March 04, 2021
Converting nested XML to dataframe in R - a tidyverse approach
798 words | 4-min read |
TL;DR
tidyr (in tidyverse) provides functions unnest_wider
and unnest_longer
to transform XML data into dataframe quickly, using the same ideology of pivot_wider
and pivot_longer
in dplyr.
I rarely deal with XML data. However, sometimes the government discloses open data in XML format only. Currently I need to find data about the restaurant licenses in Hong Kong, and FEHD provides an open dataset. Unluckily, the dataset is available in XML format only.

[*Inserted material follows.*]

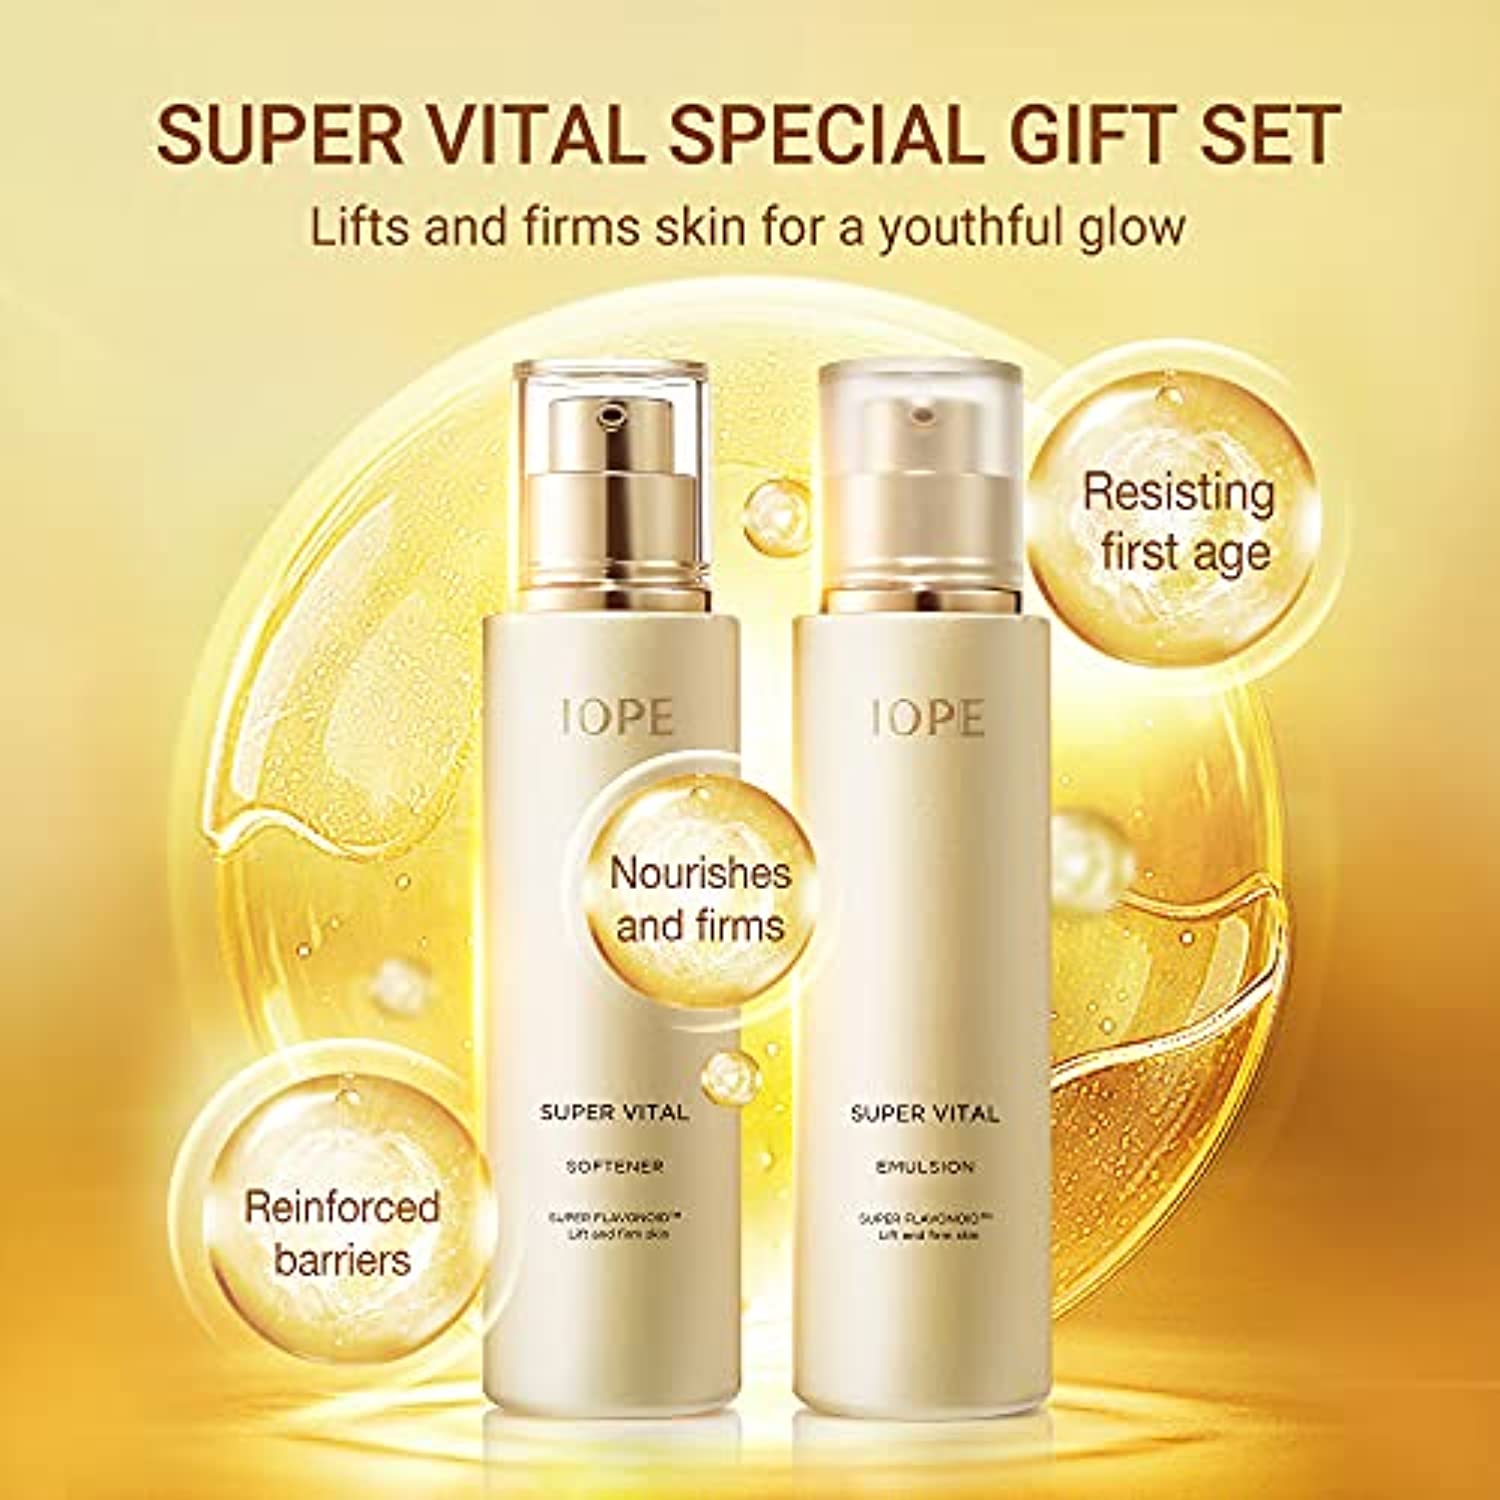 IOPE Super Vital Skincare 2pcs Set- Facial Toner & Emulsion with Mini-Cream - Daily Treatment for All Skin - for Lifting & Hydrating Without Paraben by Amorepacific
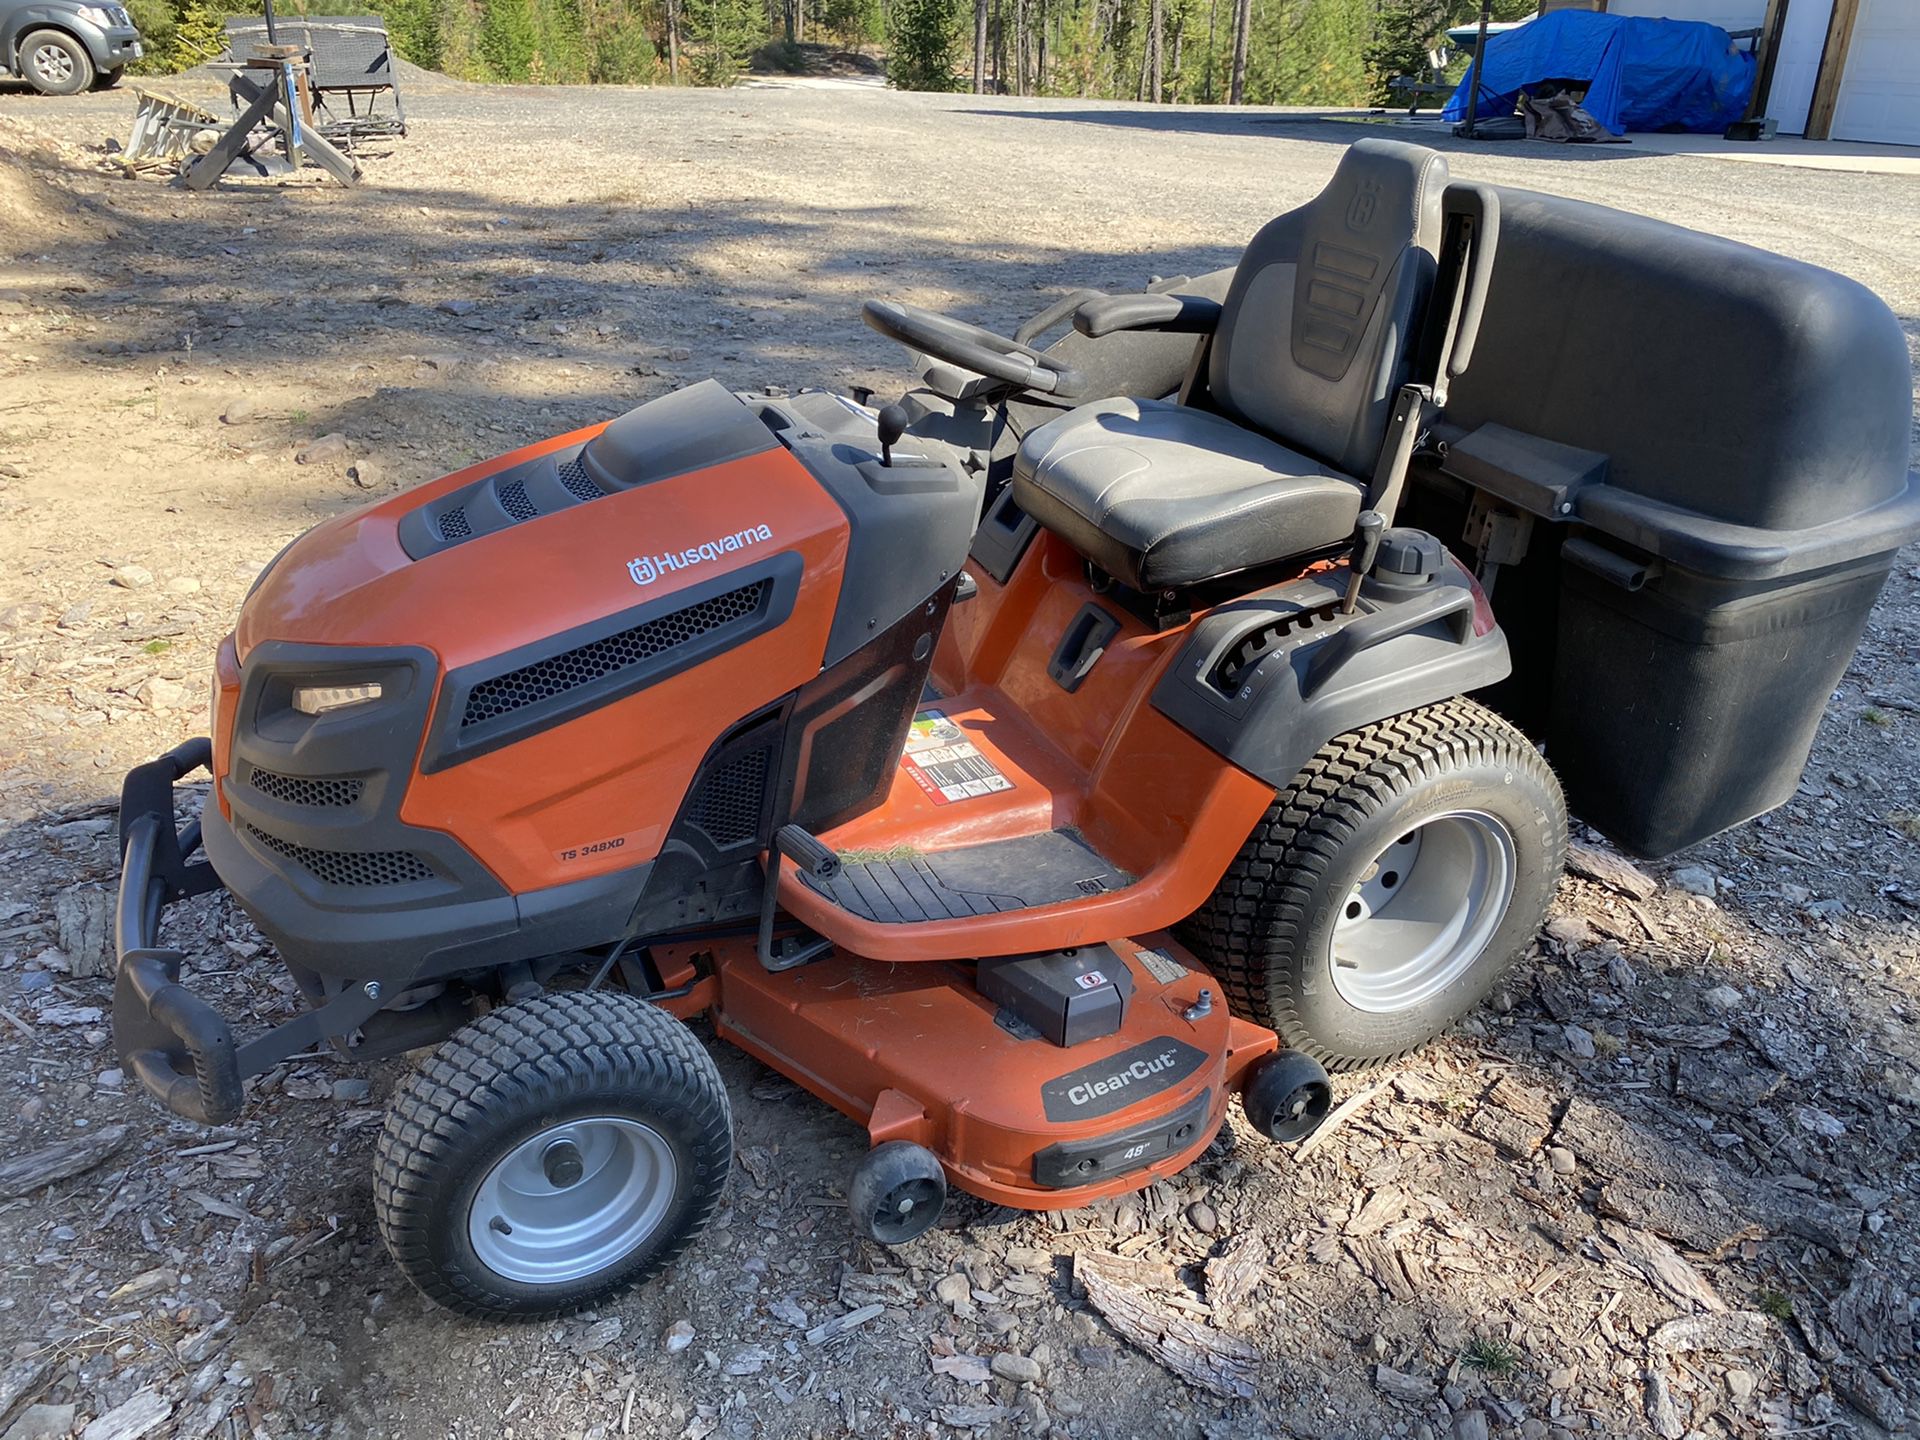 Husqvarna 48” riding lawn mower with triple bagger, diff lock, and lawn attachments

The XML data file looks like something below:
The tree structure of the XML is in the below form:
- DATA
- DEPARTMENT
- GENERATION_DATE
- LINK
- TYPE_CODE
- DIST_CODE
- INFO_CODE
- LPS
- LP
- TYPE
- DIST
- LICNO
- SS
- ADR
- INFO
- EXPDATE
- LP
DEPARTMENT, GENERATION_DATE and LINK are metadata. TYPE_CODE, DIST_CODE and INFO_CODE are data dictionary to store the ID used to encode data. Therefore, only the parts wrapped inside the LPS is the “actual” data I need.
Transform xml to dataframe with R
library(xml2)
library(tidyverse)
First thing first, load the packages.
Transform xml to list
xml_address = "http://www.fehd.gov.hk/english/licensing/license/text/LP_Restaurants_EN.XML"
restaurant_license_xml = as_list(read_xml(xml_address))
Here read_xml
from xml2 is used to read the XML file. The as_list
function then turn it into an equivalent R list.
Expand the data to multiple rows by tags
xml_df = tibble::as_tibble(restaurant_license_xml) %>%
unnest_longer(DATA)
The XML becomes an extremely long list. As the XML is nested into multiple layers, the thing to do is to unnest the first layer. unnest_longer
is a function in tidyr which unnest a list the split the values of the list to multiple rows (thus longer).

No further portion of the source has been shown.